After a minute or so of battling to keep his hat on his head in the heavy winds, the older man casually starts a conversation with us that ends up lasting over half an hour. It turns out he is a native to the area – he grew up clambering in and out of the amazing canyons that open up below us – and he often comes up to the overlook to volunteer his services as a guide/ranger/storyteller. He tells us how the rent in the ground that is filled by the Rio Grande is the site of a continental rift, a dramatic collision of the Earth’s plates over a million years ago. He tells a story about a woman ranger who was patrolling nearby at one point. She encountered a mountain lion, walking toward her on the path. She and the lion both elected to ignore one another, and they casually strolled past each other on the path. I could practically see the big cat shoving his hands in his pockets and whistling – “Nothing to see here!” He talks about how big old rattlers would sleep on the banks of the river below, and how he and his buddies would shoot them in the head with a .22. He describes the volcanoes – he knows the last time each of them erupted. He gives the Professor the names of each of the nearby peaks, and their elevation. I thoroughly enjoy the lesson – though I think the man enjoys it more – sharing his library of knowledge.
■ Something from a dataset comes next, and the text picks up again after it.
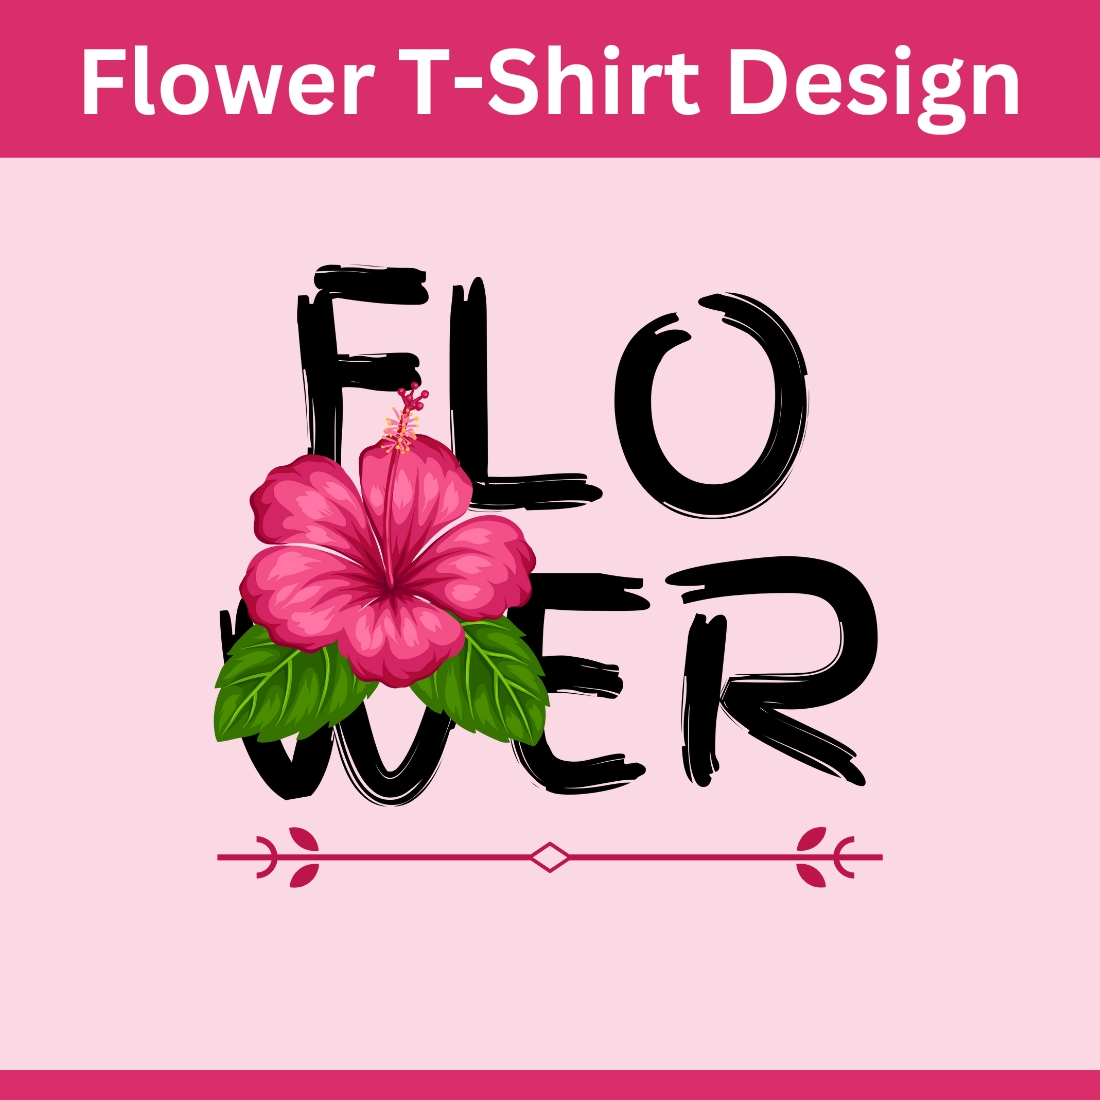 T-shirt, T-shirt design, Flower, Flower T-shirt New design, preview image.

Eventually the wind and sun chase us back into our car. We bid our new friend a fond farewell, and then head home, where an afternoon of massages at the spa awaits. Nice life, huh? I sip lemon water, go from hot tub to steam room to cold shower and back again, and eventually am led to a quiet room where a kind woman named Sue beats my shoulders into submission. She says I have swimmer’s shoulders, which makes me think I should abandon running and take up swimming instead. The Professor’s masseuse knew his family very well, and they giddily talk about the old days, asking after second cousins and spouses and kids. We try our best to account for everyone, though it is the Professor’s grandfather who keeps the best track of the family branches.
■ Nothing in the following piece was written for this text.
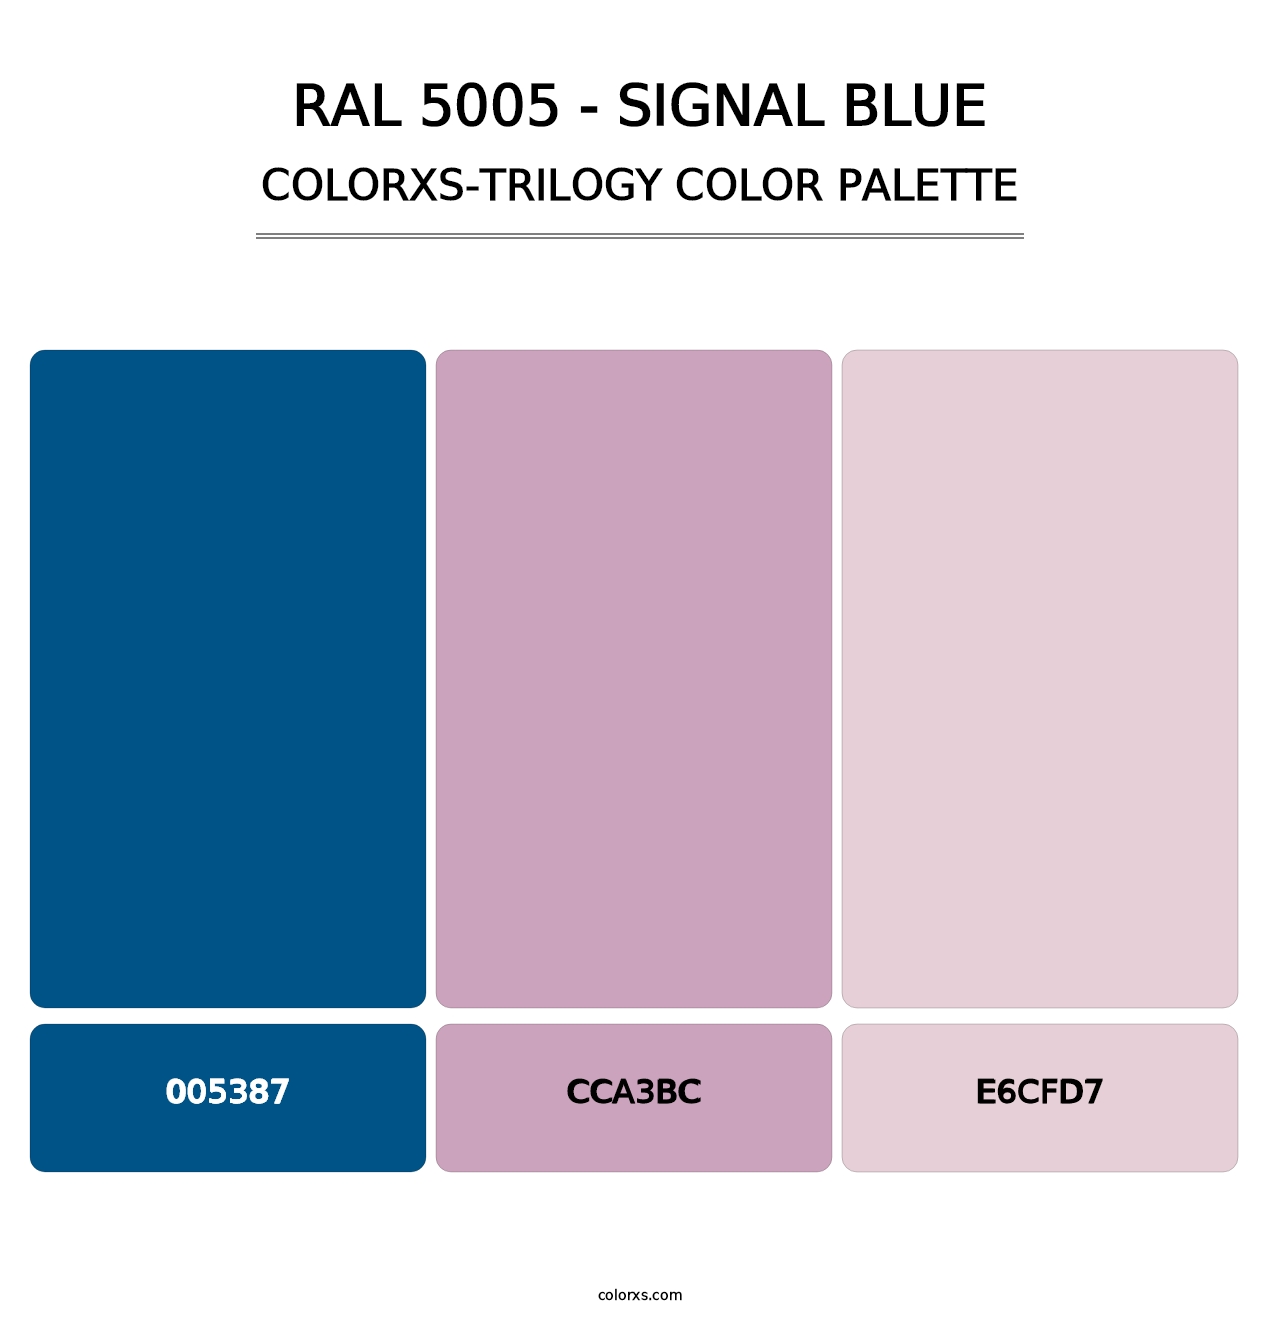 RAL 5005 - Signal Blue - Colorxs Trilogy Palette

After massages, we dress and head to the resort’s swanky bar. We have a Stella and watch the sunset, sitting at a fire circle outside on the porch. I see Venus, a bright pinpoint of light. (It must be Venus, it can’t be a star.) We order bar food – burgers, fish tacos – and then head home to find another split of champagne and chocolate-covered strawberries, a kind note from our massage therapists who enjoyed a connection to their happy past. We light an evening fire, and enjoy another quiet evening together. Only a couple of days left.